= W. de Wycombe =

English composer (fl. late 13th century)

W. de Wycombe (also Wicumbe, Whichbury and Winchecumbe) was an English composer of the high medieval music. He was precentor of the priory of Leominster in Herefordshire. It is possible that he was the composer of one of the most famous tunes from medieval England, "Sumer is icumen in".

== Life and career ==
Wycombe is variously identified as W de Wyc, Willelmus de Winchecumbe, Willelmo de Winchecumbe, or William of Winchcombe. (Note: Sanders (in Grove) considers the identification of the composer with Willelmus de Winchecumbe improbable.) He appears to have been a secular scribe and precentor employed for about four years at the priory of Leominster in Herefordshire during the 1270s. He is also thought to have been a sub-deacon of the cathedral priory as listed in the Worcester Annals or possibly a monk at St Andrew's in Worcester.

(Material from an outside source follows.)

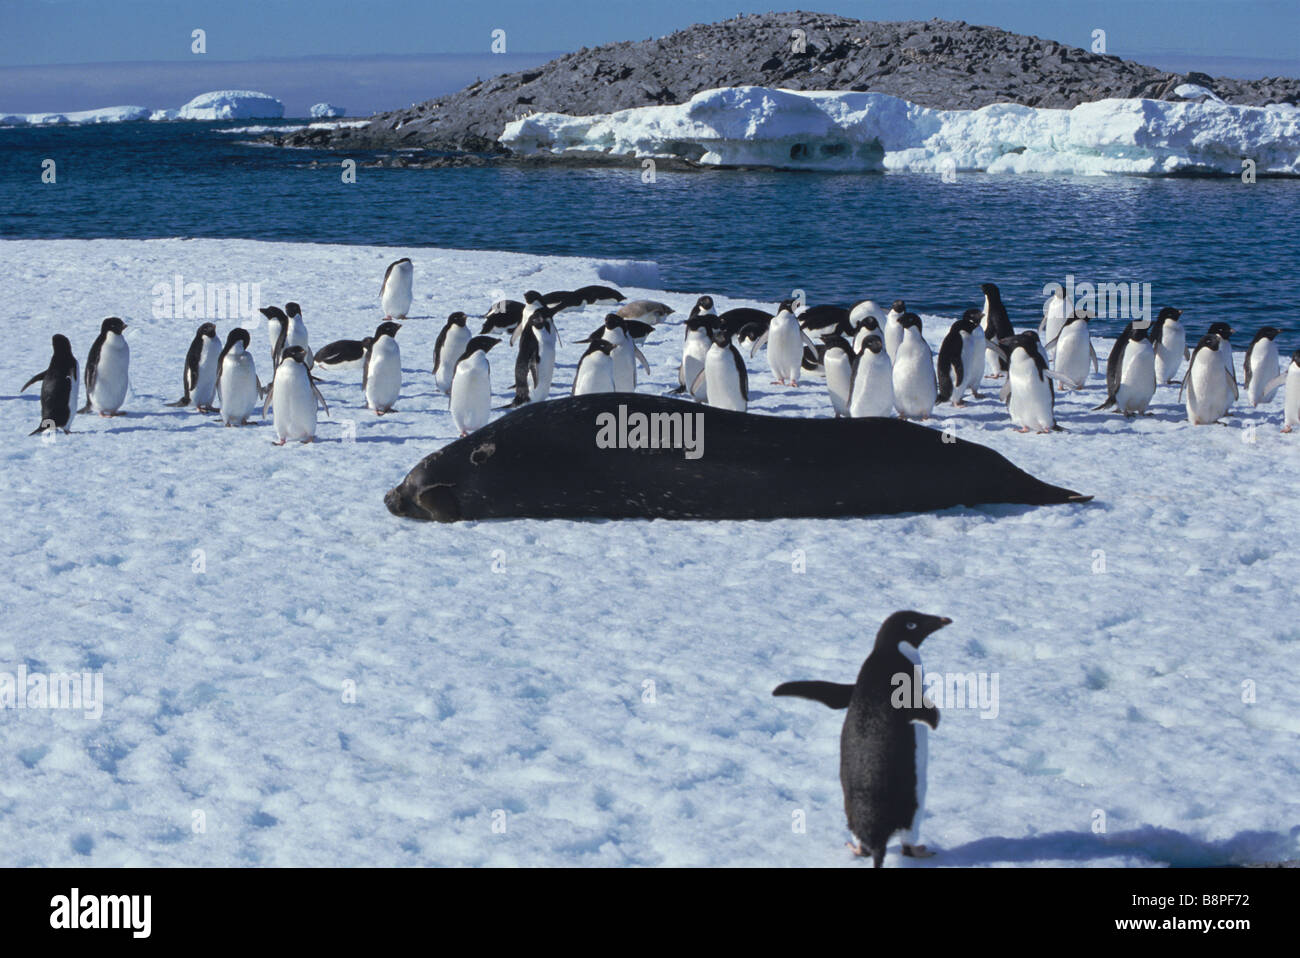 WEDDELL SEAL AND ADELLIE PENGUINS, ANTARCTIC Stock Photo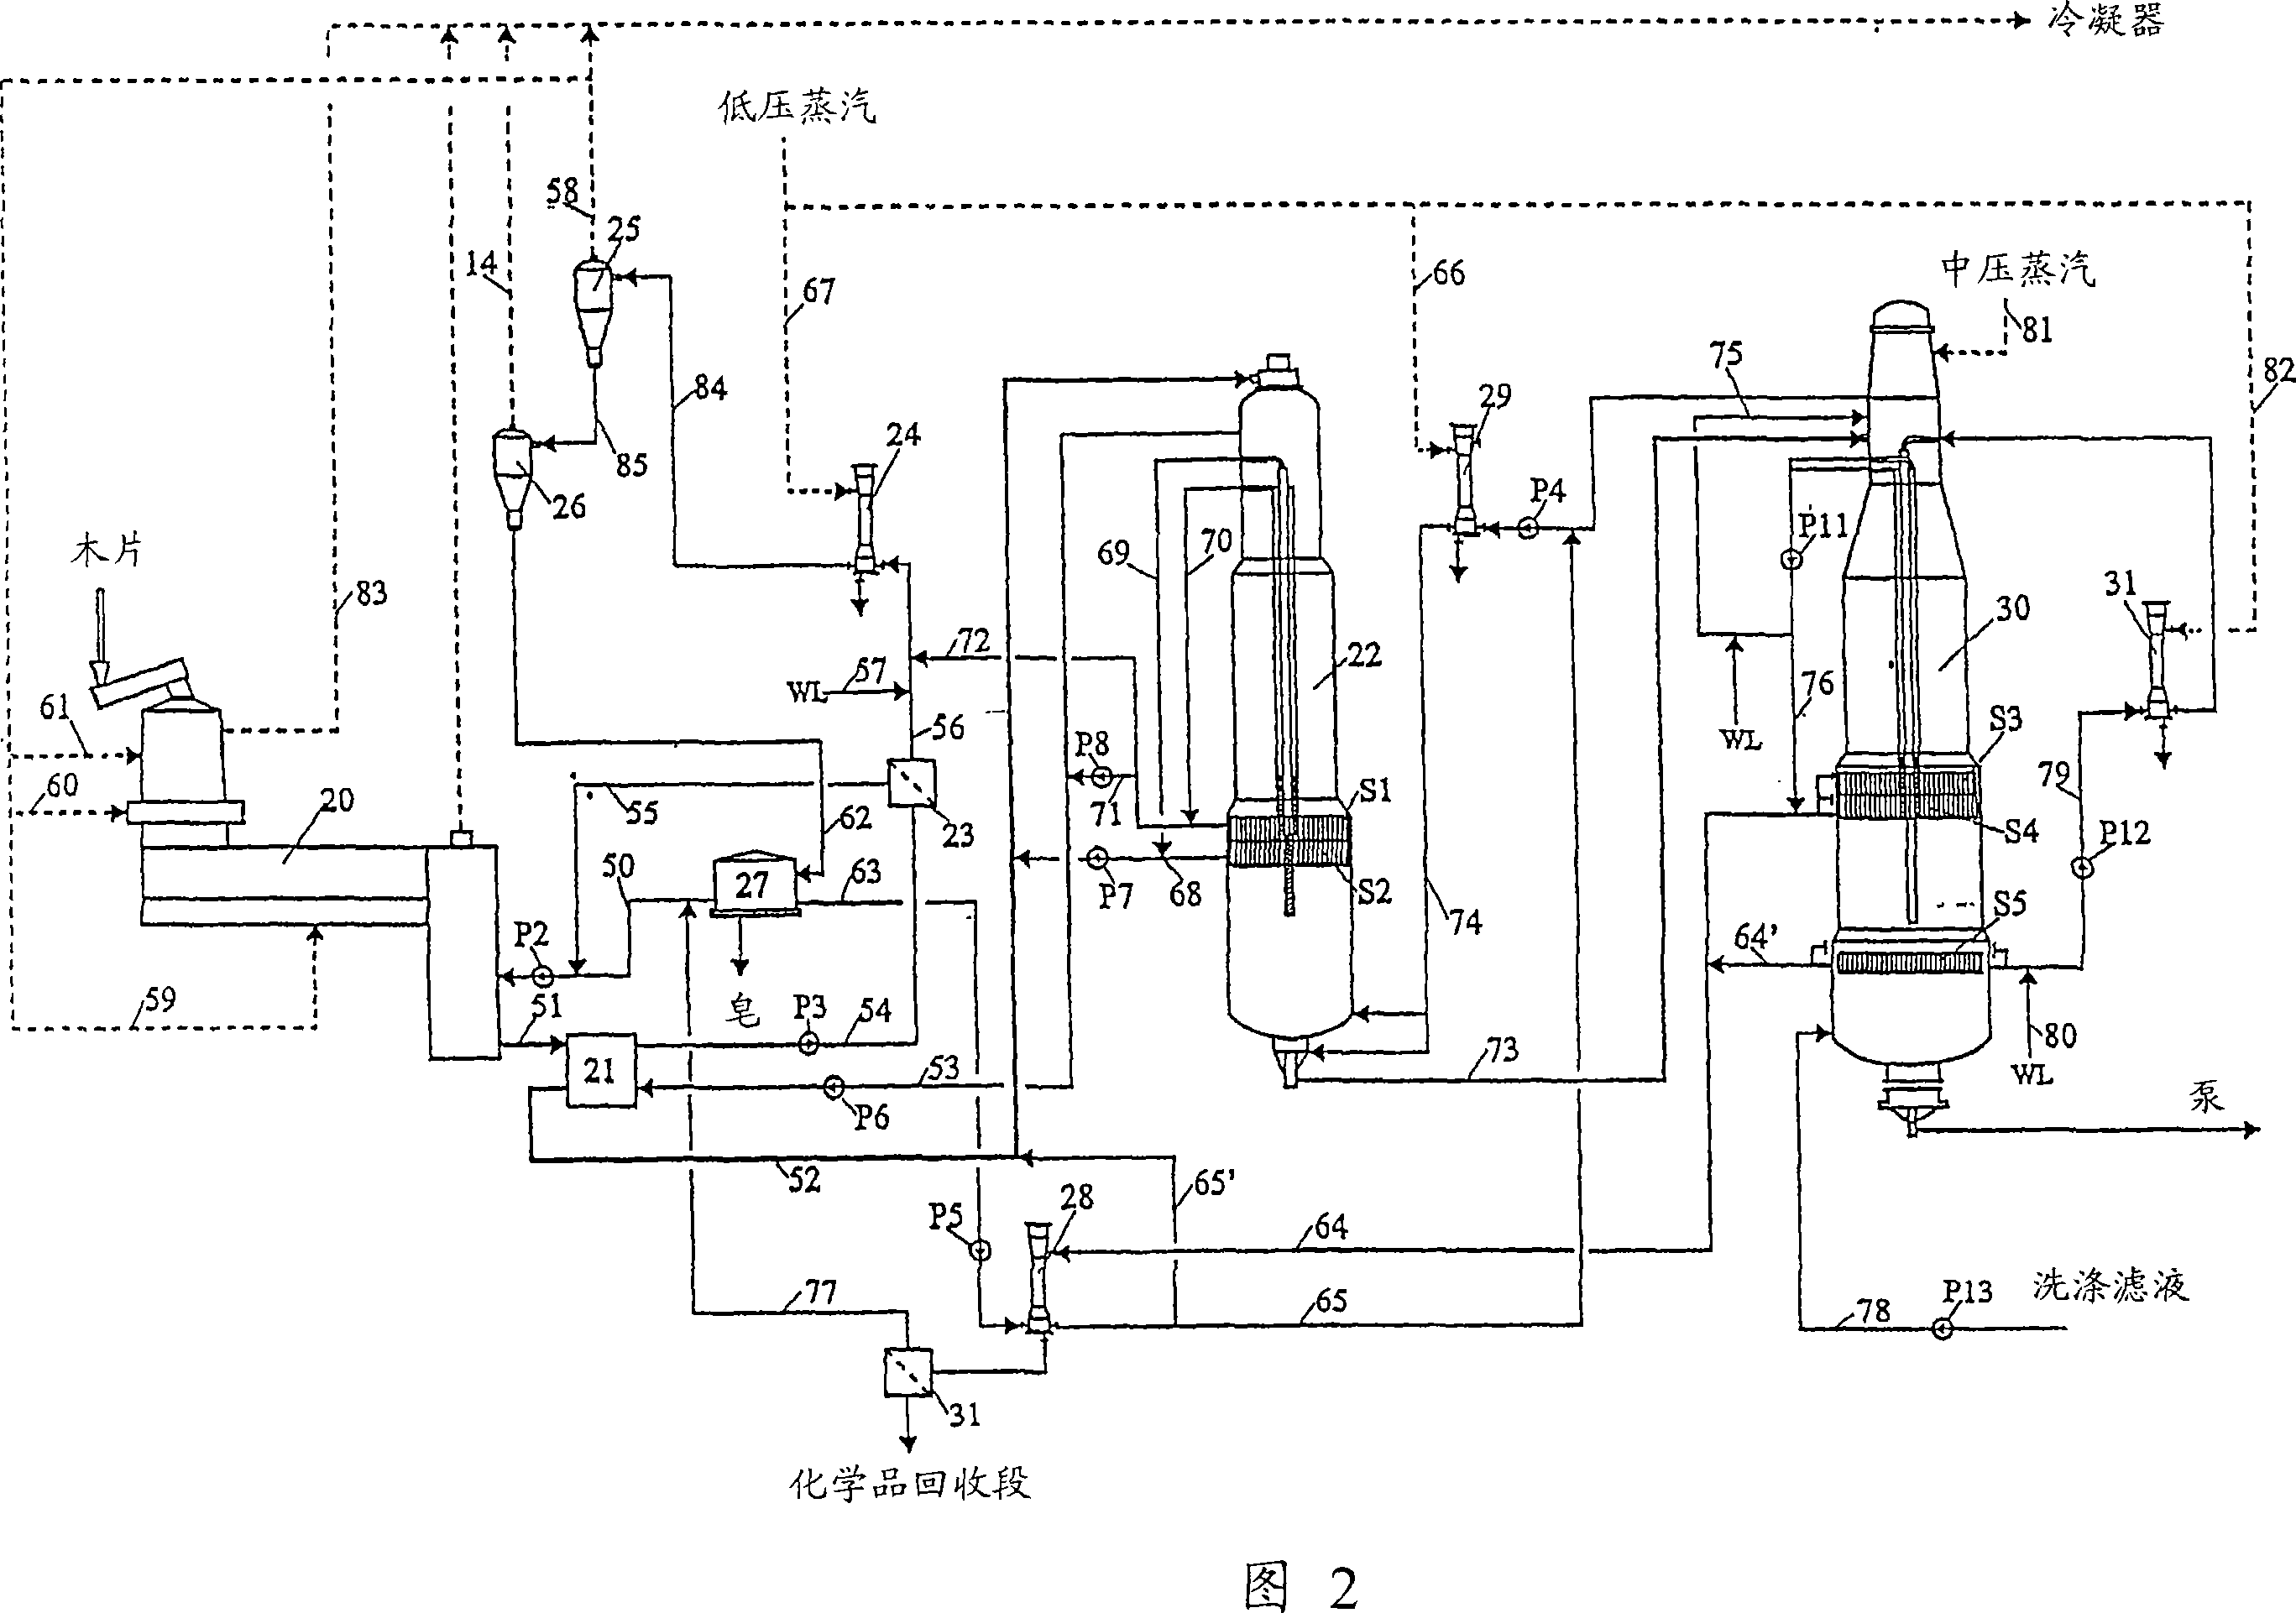 Alkaline process and system for producing pulp

Wycombe left a number of documents with his signature, including a collectarium, a precentor's workbook, two rotuli (scrolls) containing music, a summary and treatise on music, a history to which Winchecumbe added music and other books. His name also appears in a Reading manuscript including the rota "Sumer is icumen in", and on one of seven sets of four-part compositions in the Wintonia collection. Two of these compositions are partially preserved and parts of others are to be found in the Worcester Fragments. Of these compositions, only Alleluia, Dies sanctificatus is completely restorable. The works have a four-part polyphonic structure. One more fragment is found copied in the Montpellier Codex.

Wycombe's main period of activity was probably the 1270s and 1280s. He is best known as the composer of polyphonic alleluias. Over 40 settings have been identified in several sources, a group of compositions almost equal in size to that of Léonin, the earlier composer of the continental Notre Dame school, but only one of the 40 can be restored completely; the others exist only in fragments. Some of his work appears in the Worcester Fragments, a collection of 59 manuscript leaves representing about a third of the total surviving polyphony from 13th-century England.

Each of Wycombe's alleluias is in four sections. The second and fourth contain the solo response and verse sections, while the first and third contain free polyphony. Stylistically they are similar to the Reading Rota itself ("Sumer is icumen in"), emphasizing tonic and supertonic, and showing the English preference for the harmonic interval of the third.